Coisa de católico vai, coisa de católico vem, o fiel protestante que decide adotar
ideias consideradas “católicas demais” pela maioria (como o batismo de crianças, ou a abertura à vida, ou uma visão mais litúrgica do culto da igreja, enfim) será rechaçado pelos demais e perderá cada vez mais espaço dentro do seu círculo. Ninguém aguenta ser um estranho em sua própria casa, a menos que ali não seja mais a sua casa. Nessa hora, o fiel vai começar a olhar para o outro lado do rio Tibre (o rio que corta a cidade de Roma) e ver que, talvez, as coisas sejam um pouco diferentes. E aí, o processo é natural, como cruzar um rio.
Como dizem os mais jovens, é sobre isso: os protestantes se convertem porque não
aguentam ser um pano novo — e de fato novo, porque como diz Newman, a verdade é sempre nova e viva, enquanto as heresias nada têm de novo e já estão em um processo de morte lenta — repuxado pela roupa velha e sem criatividade do protestantismo, que cada vez mais vai se distanciando das suas raízes e se tornando algo que, no fundo, ninguém queria que ele fosse, quando tudo começou. Claro que o presbiterianismo tinha que levar esse destaque no Brasil: foram os calvinistas que começaram essa “segunda Reforma” (lema que o Movimento de Oxford também usou!), e o presbiterianismo tem todos os aspectos internos que fazem dele a incubadora perfeita para futuros católicos: um apelo de “retorno às raízes” e a acusação de serem católicos demais.

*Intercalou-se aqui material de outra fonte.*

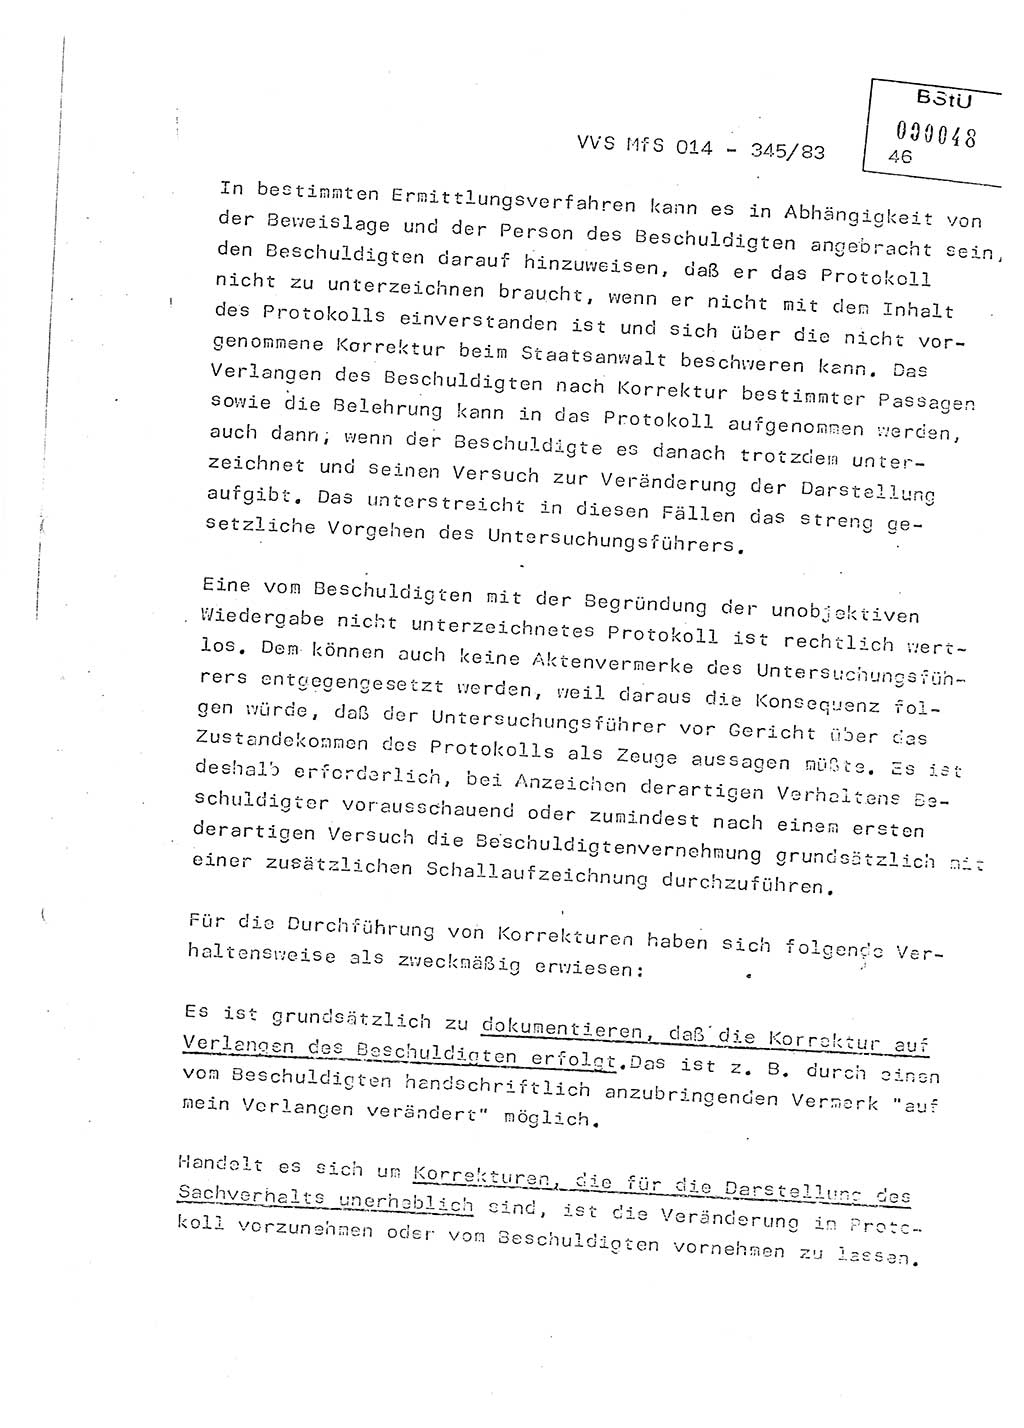 Lektion Ministerium für Staatssicherheit (MfS) [Deutsche Demokratische Republik (DDR)], Hauptabteilung (HA) Ⅸ, Vertrauliche Verschlußsache (VVS) o014-345/83, Berlin 1983, Seite 45 (Lekt. MfS DDR HA Ⅸ VVS o014-345/83 1983, S. 45)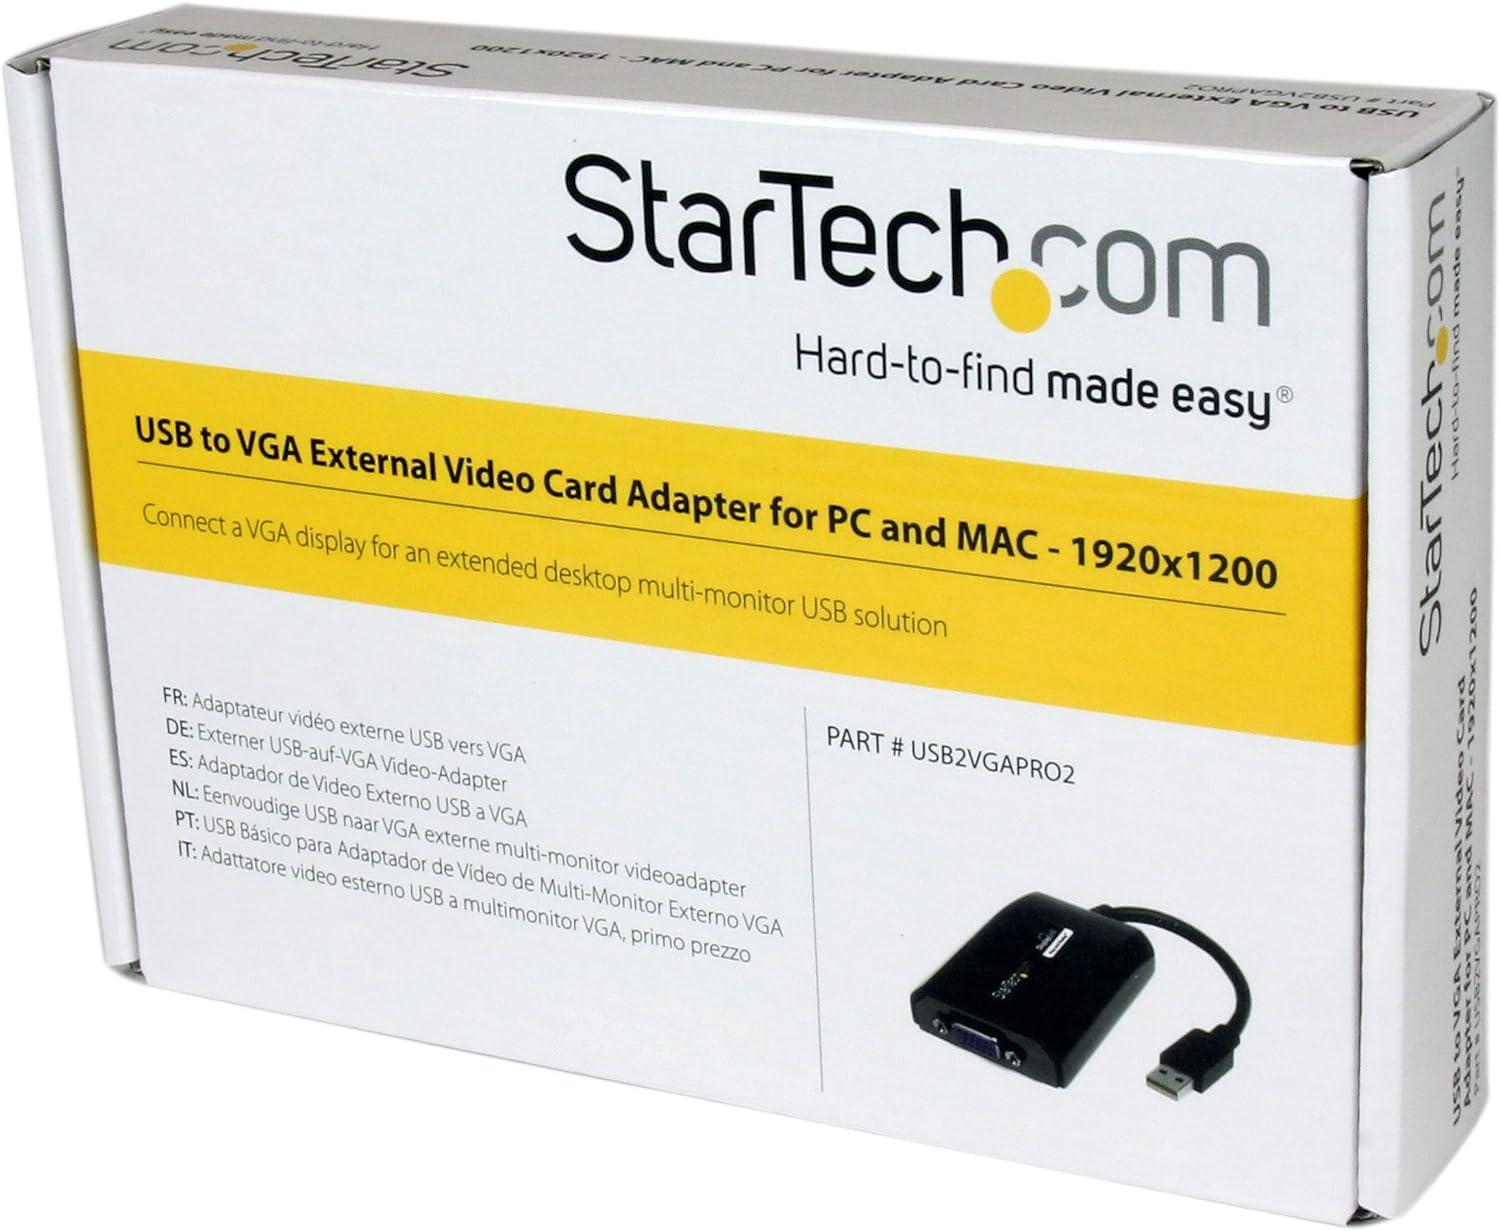 StarTech.com USB to VGA Adapter - 1920x1200 - External Video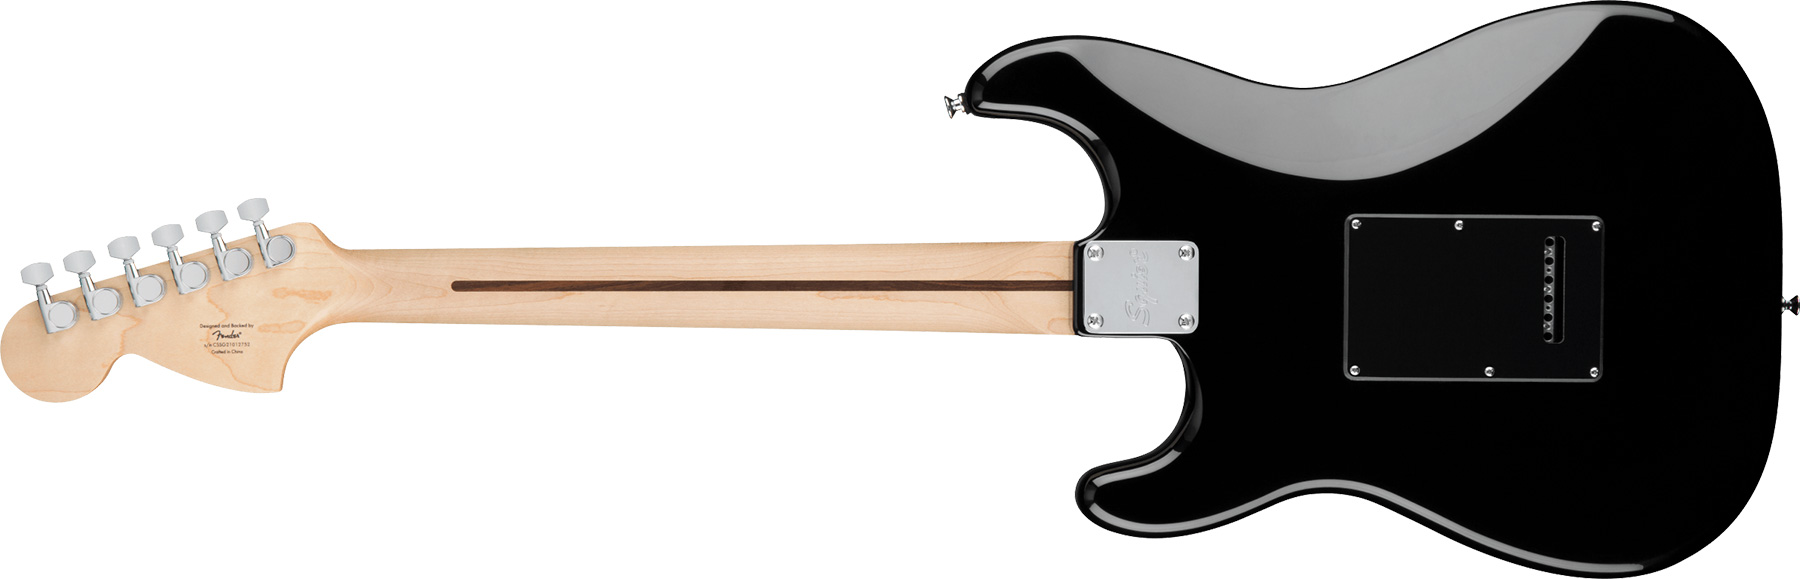 Squier Strat Affinity Black Pickguard Fsr Ltd Hss Trem Lau - Black - Elektrische gitaar in Str-vorm - Variation 1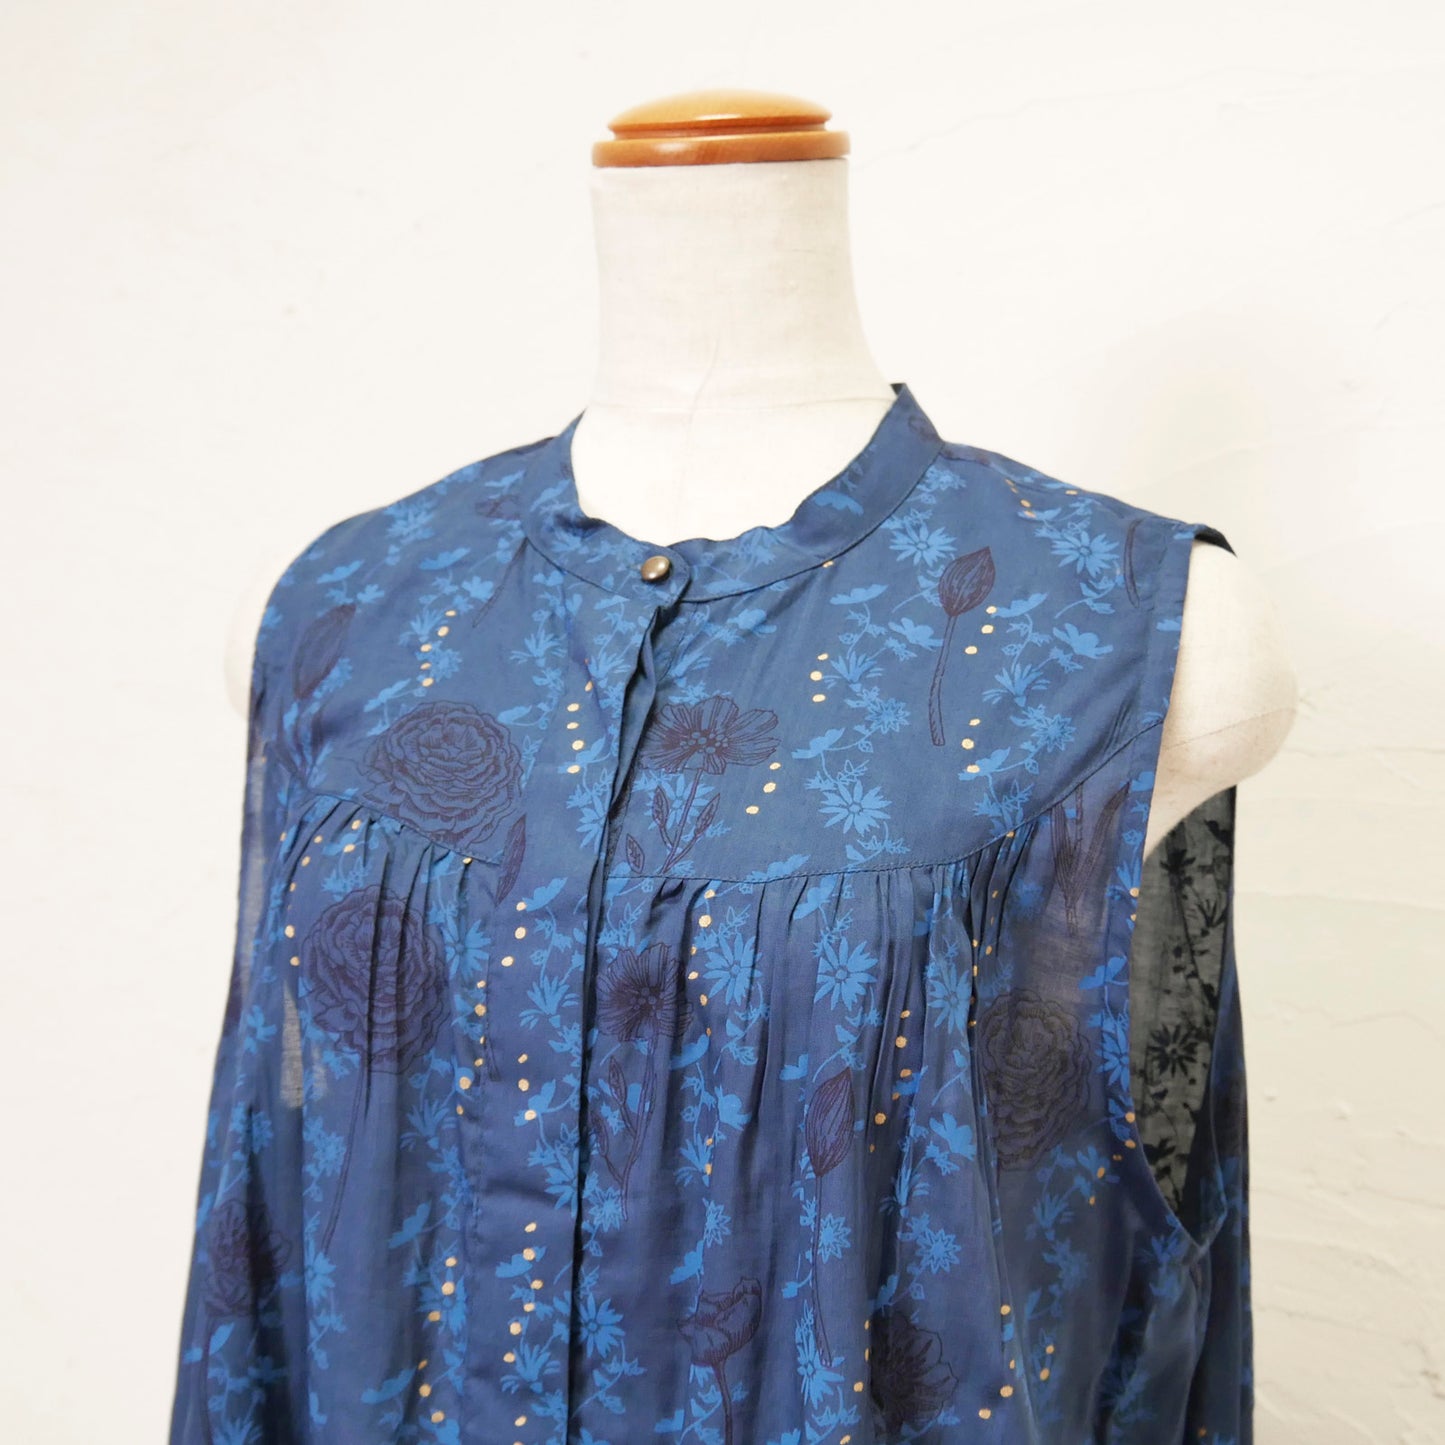 रेयॉन गोल्ड फ्लावर प्रिंट आस्तीन रहित शर्ट ड्रेस

Aos meus irmãos protestantes, eu deixo um simples recado: quanto mais vocês
reclamam, quanto mais vocês esboçam aos quatro ventos todo o ódio e repulsa que sentem pelo catolicismo romano, mais pessoas vão se converter. Vendo isso, eles verão que são estranhos em sua própria casa, e verão que o melhor modo de serem fiéis a todos os princípios que eles aprenderam enquanto protestantes é fazendo o mais impensável e o mais absurdo: ser católico romano. Não porque leram Calvino demais, não porque eram alunos do Olavo de Carvalho, mas simplesmente porque estão de saco cheio dos próprios protestantes.
Por que os protestantes se convertem? O Apostolado Cardeal Newman diz: porque
não se põe pano novo em roupa velha!